The agent sets self.credentials (a dict from credentials.json's connect_args) as an attribute before calling any methods — no __init__ needed. setup_connection and close_connection are lifecycle hooks for managing API clients or sessions. The two required methods do all the work:

  • fetch_metadata(limit, offset) — returns dicts describing jobs/tasks (pipelines, workflows, DAGs). Each dict must have job_source_id and name. This is structural metadata only — no run history. limit and offset support pagination.
  • fetch_run_details(run_ids?, window_start?, window_end?, limit, offset) — returns dicts with status, timing, errors, and task-level details. Each dict must have job_source_id, run_source_id, status, and event_time. Operates in two modes:
    • Polling mode (window_start/window_end provided, no run_ids): fetch all runs that fall within the fixed [window_start, window_end) window (closed lower bound, open upper bound). Both bounds are timezone-aware datetime objects. The agent pins this window once and passes the same bounds unchanged across every paginated call, so pages never skip or duplicate runs — don't derive the window from now(). limit/offset paginate results.
    • Webhook mode (run_ids provided): fetch details for specific runs by ID, regardless of time window. Used when a webhook notifies Monte Carlo about a run (e.g. a failure) and we need error details and task-level breakdown.

Dict schema reference

Connectors return plain dicts. The expected keys are defined by the dataclass models in pycarlo.features.ingestion.etl — these serve as the canonical schema reference. The test validators check returned dicts against this schema, but connector code never imports the models directly.

Schema Required keys Purpose
EtlAsset job_source_id, name Job/task metadata (schedule, owner, inputs/outputs)
EtlRunEvent job_source_id, run_source_id, status, event_time Run state changes (start/end time, error details, task runs)

Common nested dict structures (all optional):

Structure Keys Used in
group source_id (req), name, group_type, schedule, attributes EtlAsset — identifies the workspace/project; EtlRunEvent — which group a run belongs to (see below)
task task_source_id (req), name (req), task_type, description, inputs, outputs EtlAsset tasks list
error message, code, failure_type EtlRunEvent — required when status is failed/error
schedule kind, cron_expression, interval_seconds, event_trigger EtlAsset, EtlGroup
owner primary_email, primary_name EtlAsset
asset_ref asset_type, role, fully_qualified_name EtlAsset/EtlTask/EtlRunEvent inputs/outputs
tag key, value EtlAsset properties

Omit None values and empty lists from returned dicts — the agent expects sparse dicts with only populated fields.
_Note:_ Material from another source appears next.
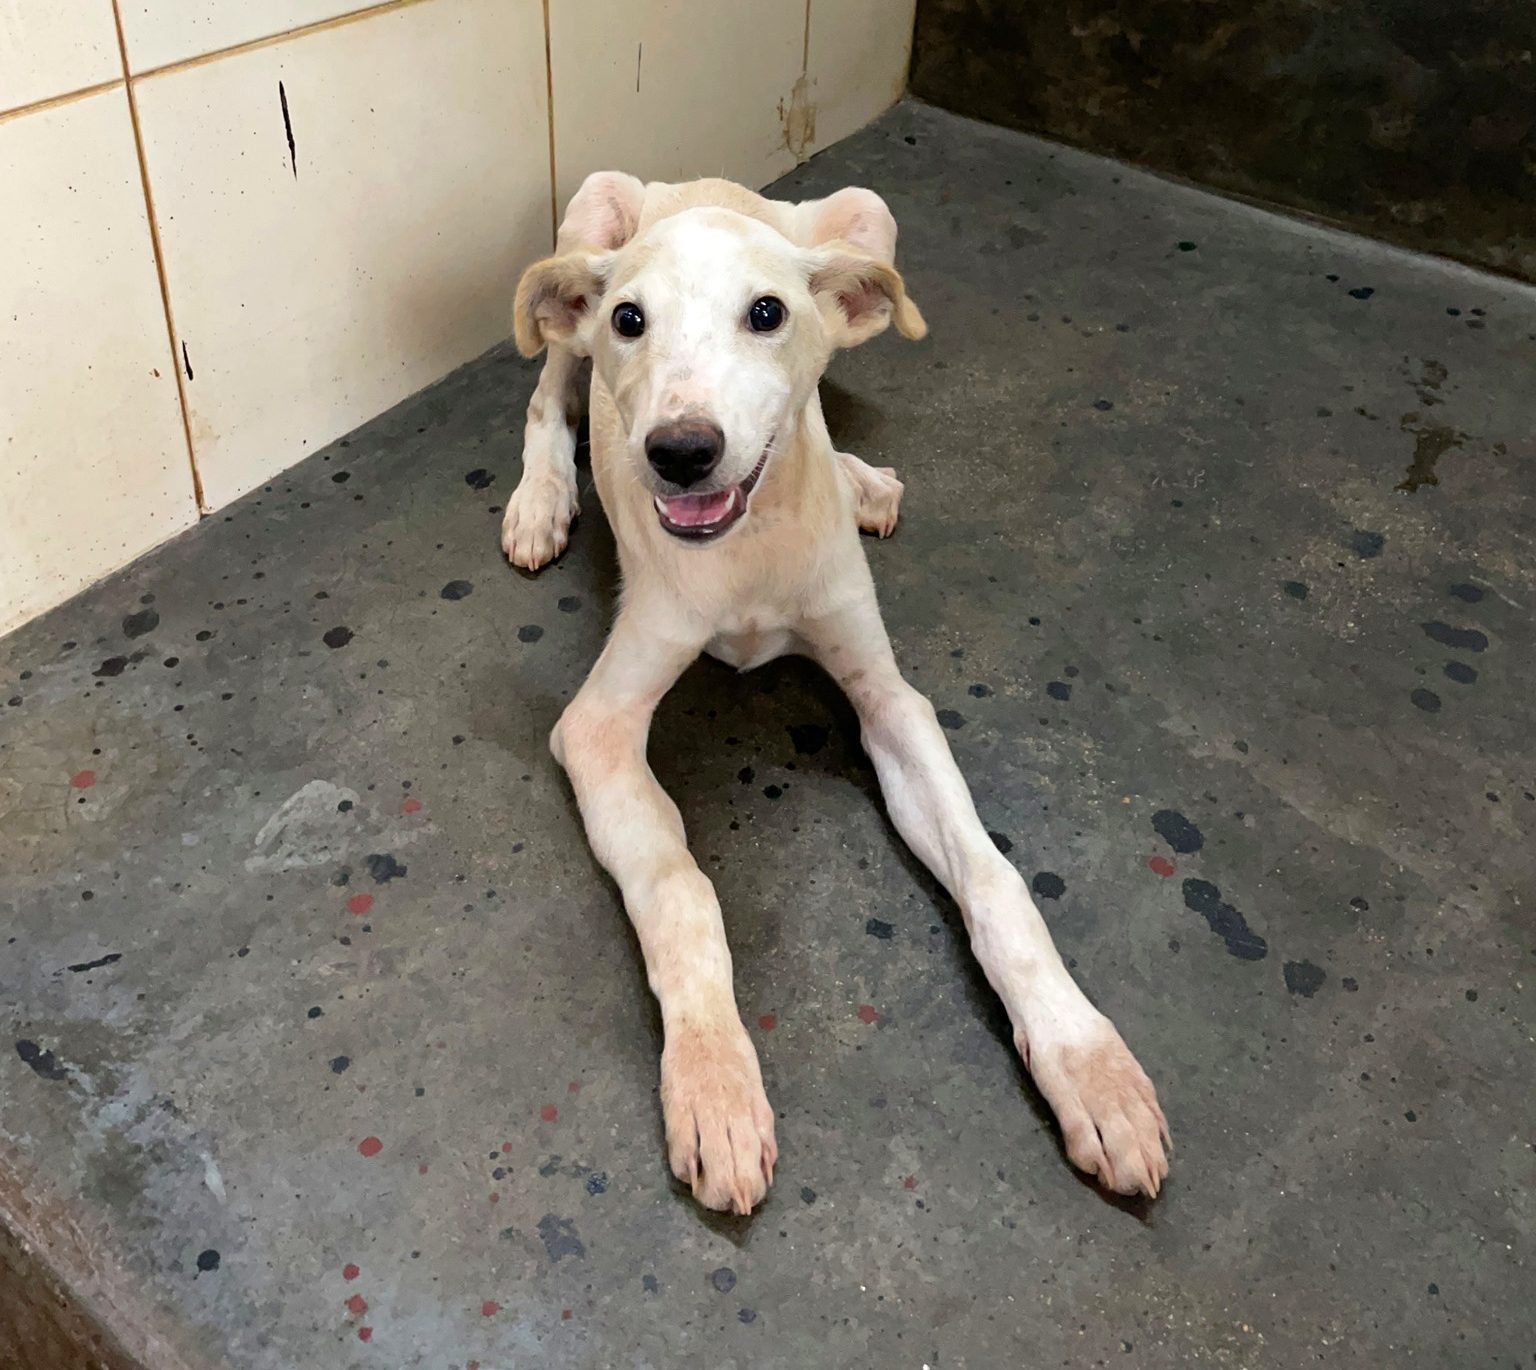 India: Puppy attacked with metal rod
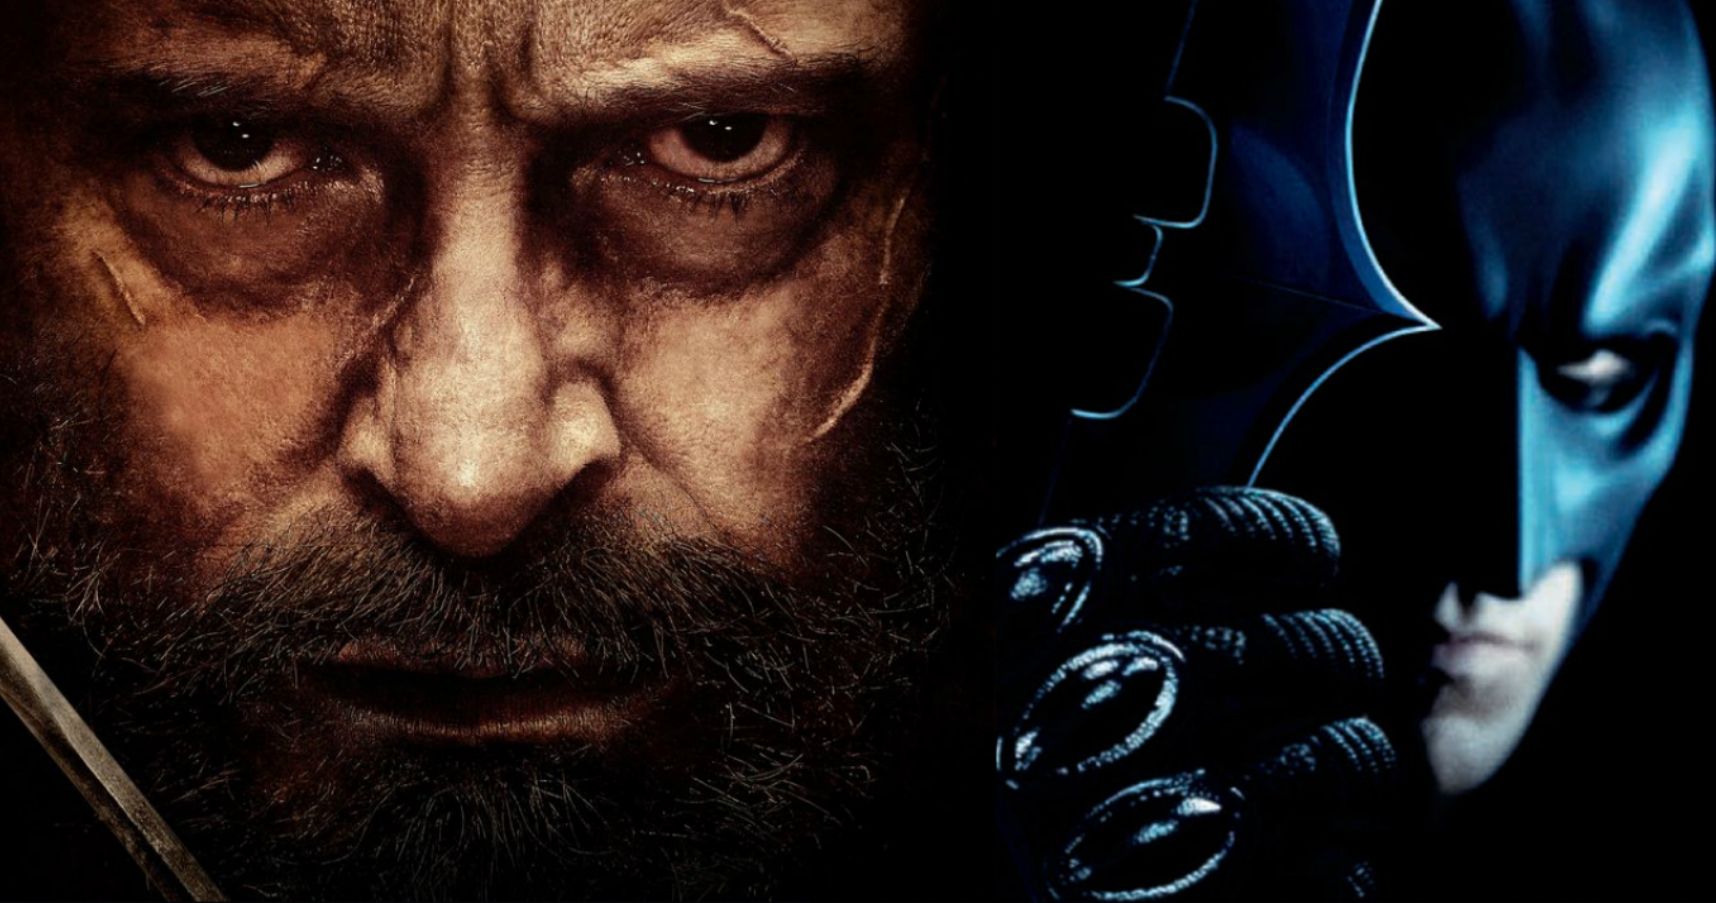 Logan Director Talks The Dark Knight Influence on Wolverine and Subverting the Genre

group on a run (optional). When the same job exists in multiple groups under one container (e.g. the same mapping in both a dev and a prod workspace), a run belongs to just one of those groups. Set the same nested group dict used on EtlAsset (source_id required; name, group_type, etc. optional) on the run event to say which one. Omit it and Monte Carlo picks the group automatically, so a job that lives in a single group needs nothing. Supply the group's source_id; Monte Carlo resolves the rest — connectors never supply an internal group id.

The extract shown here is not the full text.